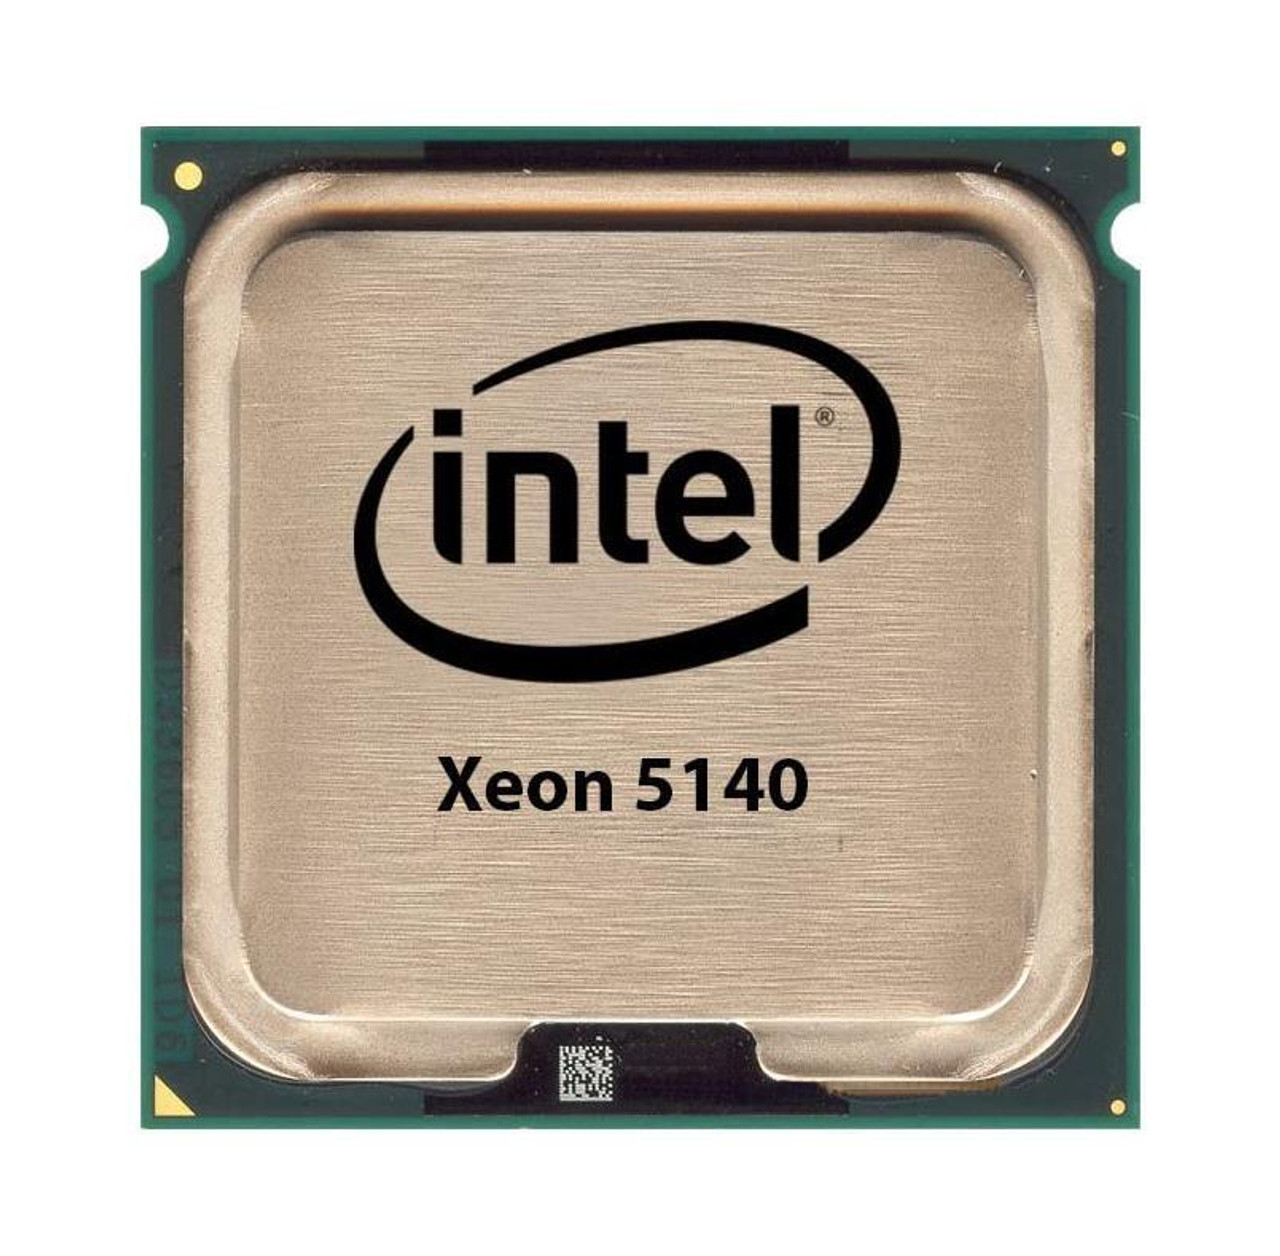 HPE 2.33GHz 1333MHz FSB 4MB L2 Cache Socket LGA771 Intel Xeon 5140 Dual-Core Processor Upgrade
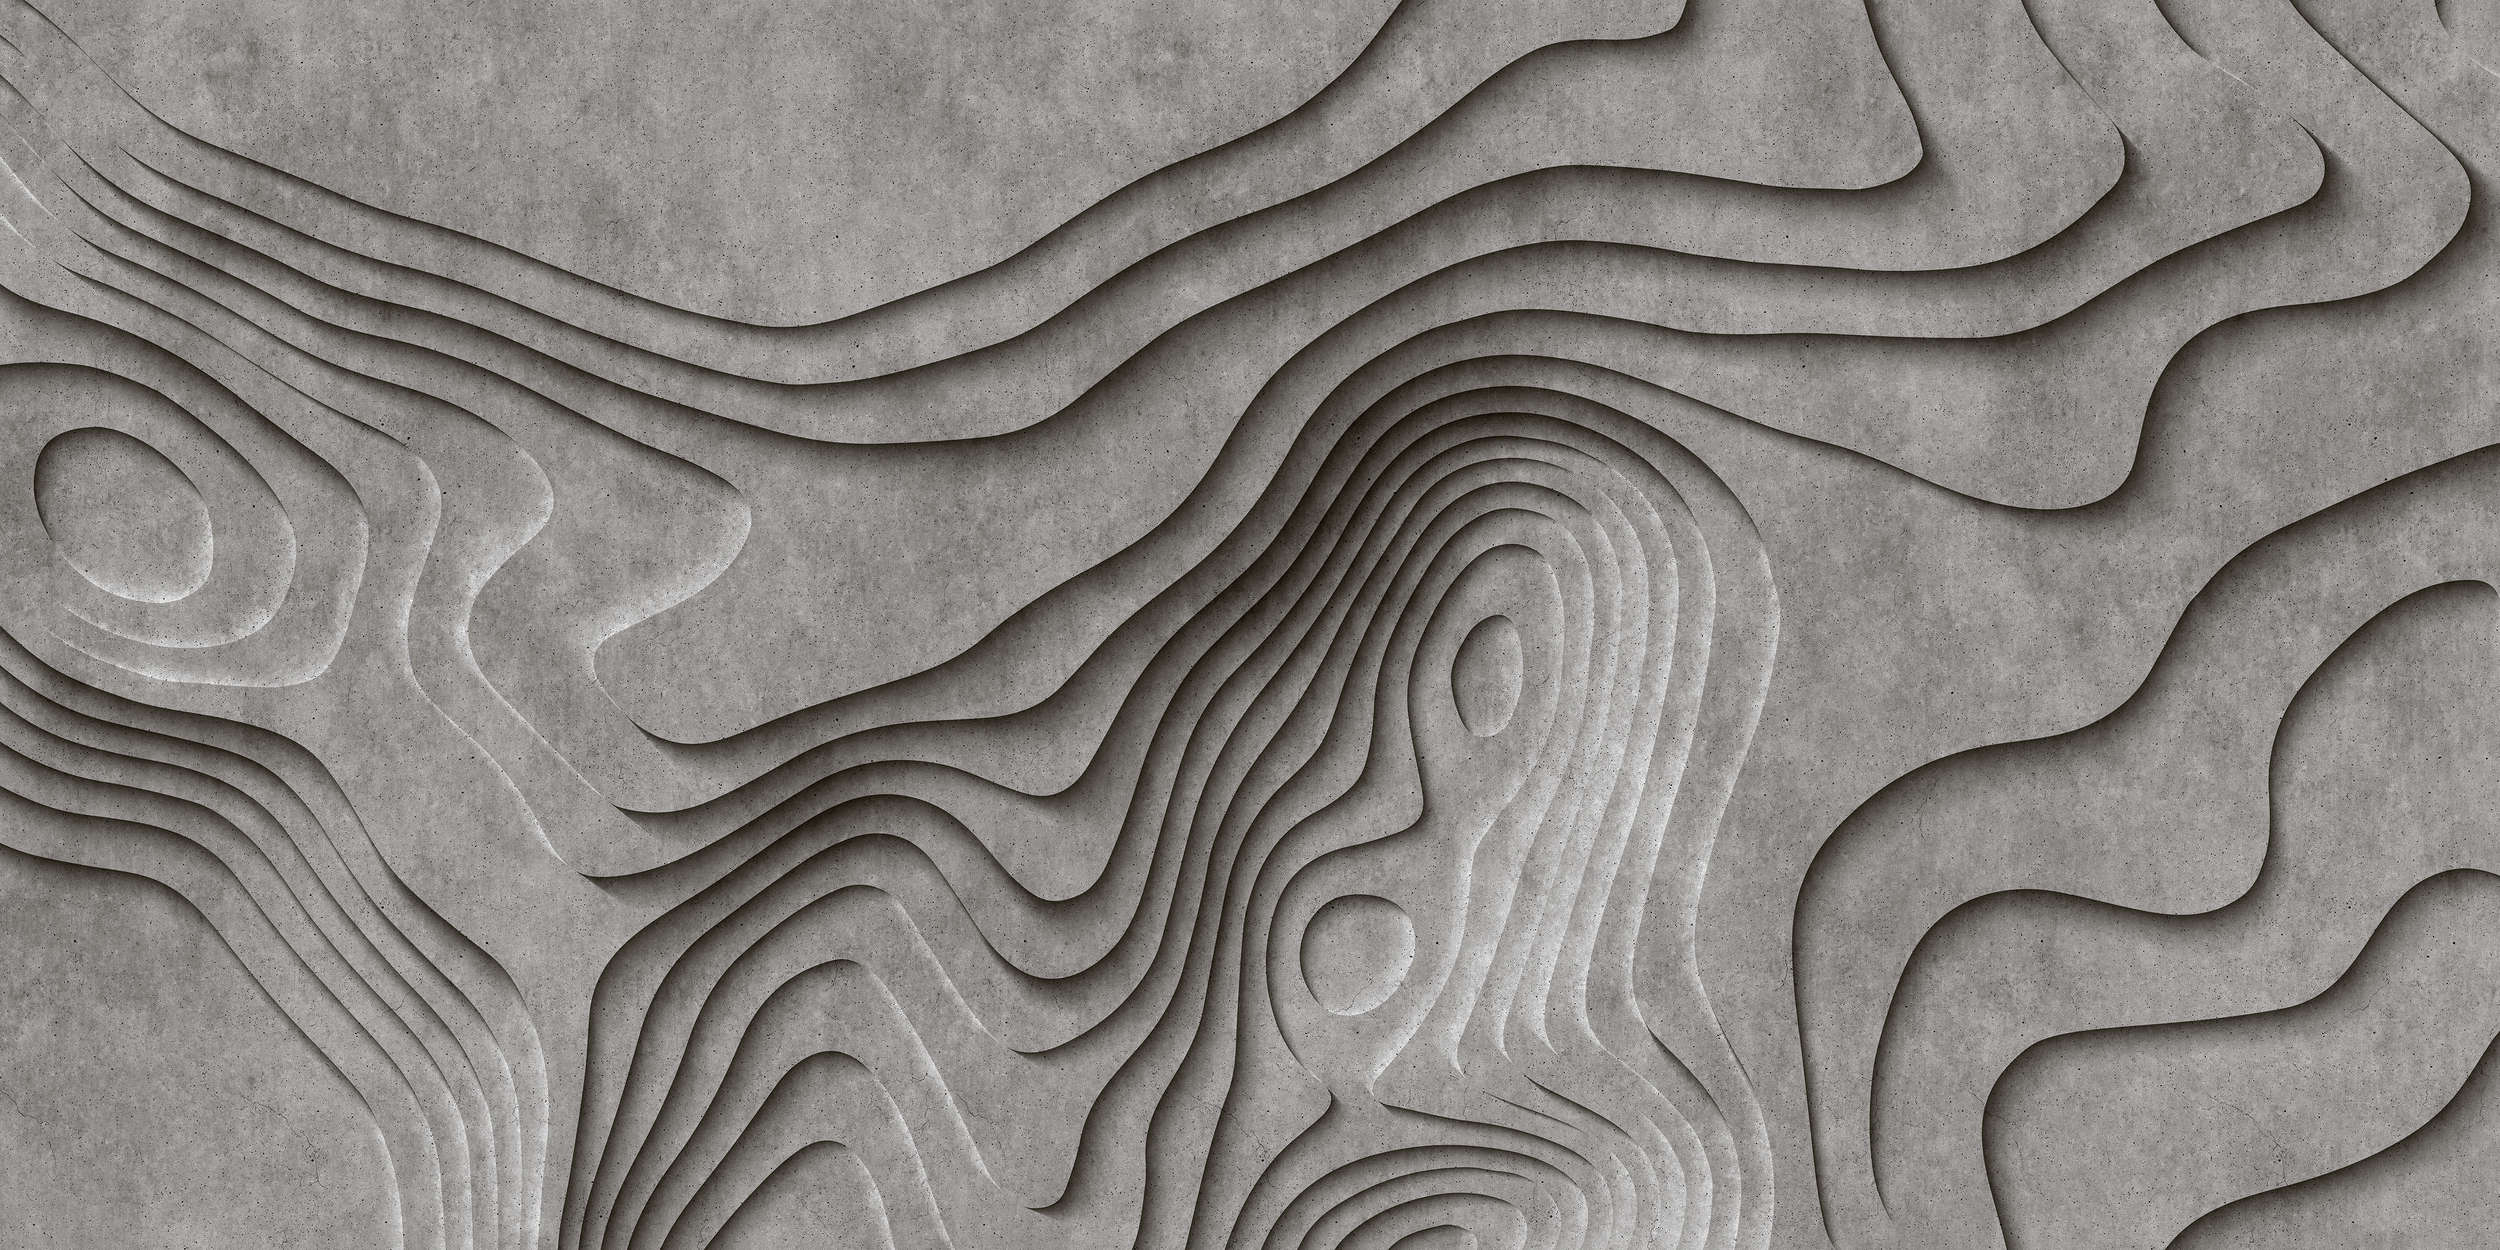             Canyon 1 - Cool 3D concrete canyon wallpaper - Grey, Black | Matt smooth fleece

...

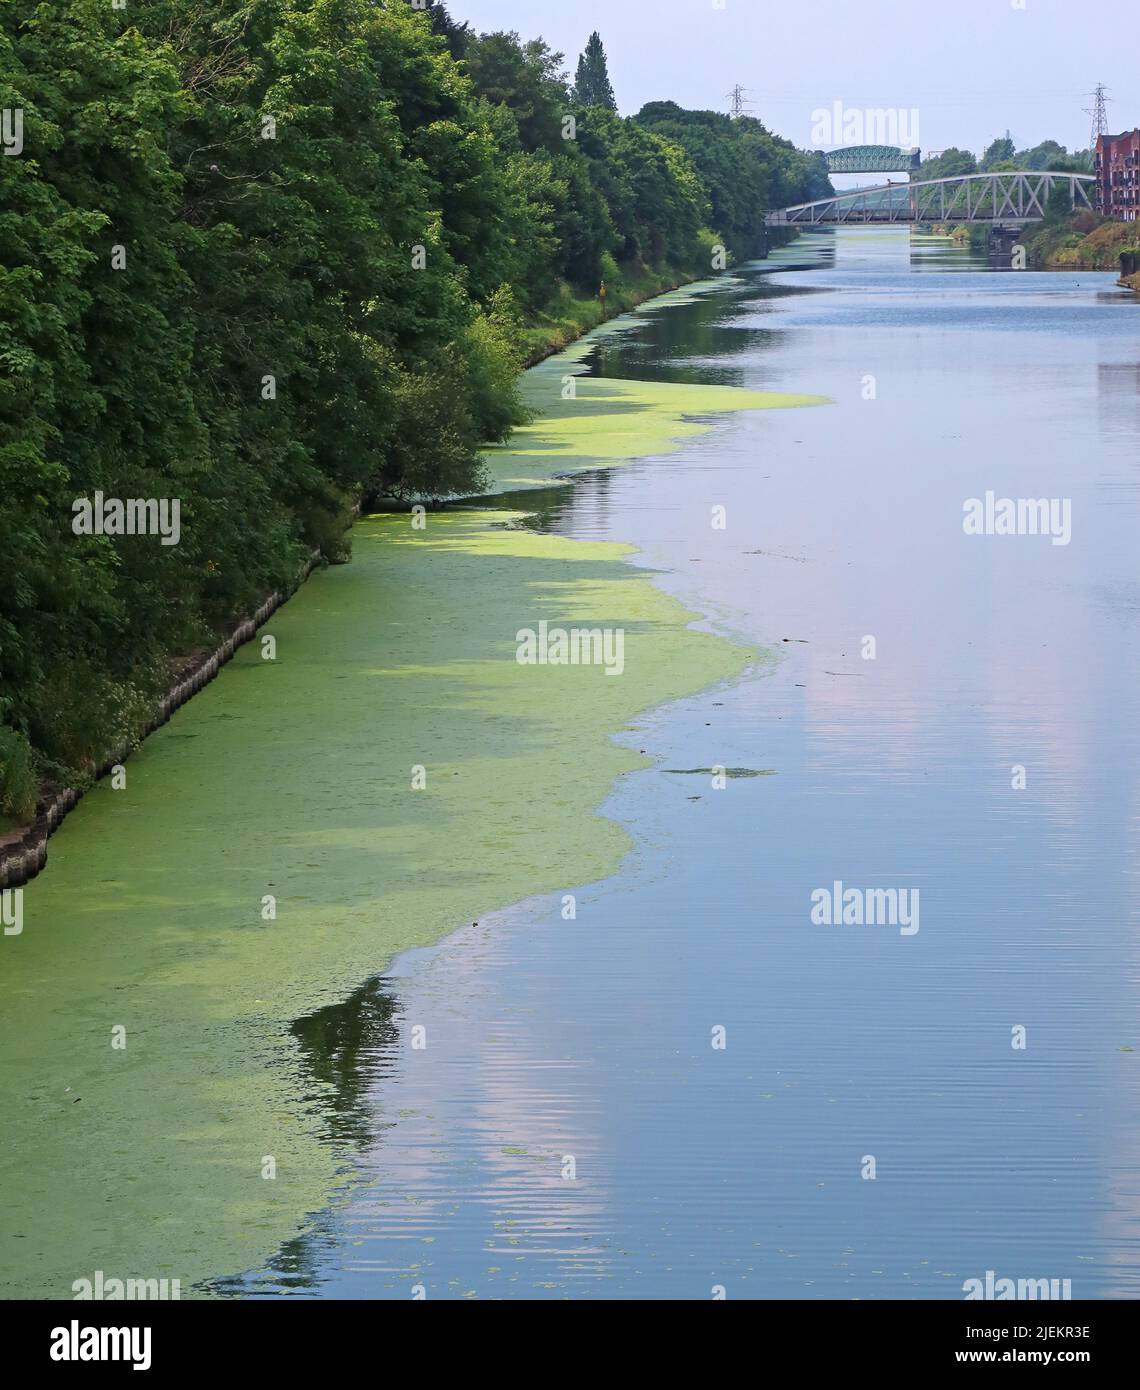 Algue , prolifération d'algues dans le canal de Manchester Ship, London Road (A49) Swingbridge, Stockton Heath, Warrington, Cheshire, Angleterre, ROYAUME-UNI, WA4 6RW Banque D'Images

* Work instructions:
Would you copy, word for word, only the lines above from the one containing "HPE 2.33GHz 1333MHz" through the one containing "Canyon 1 - Cool", both included, and please leave out the pictures?

* Answer to this task:
 HPE 2.33GHz 1333MHz FSB 4MB L2 Cache Socket LGA771 Intel Xeon 5140 Dual-Core Processor Upgrade
             Canyon 1 - Cool 3D concrete canyon wallpaper - Grey, Black | Matt smooth fleece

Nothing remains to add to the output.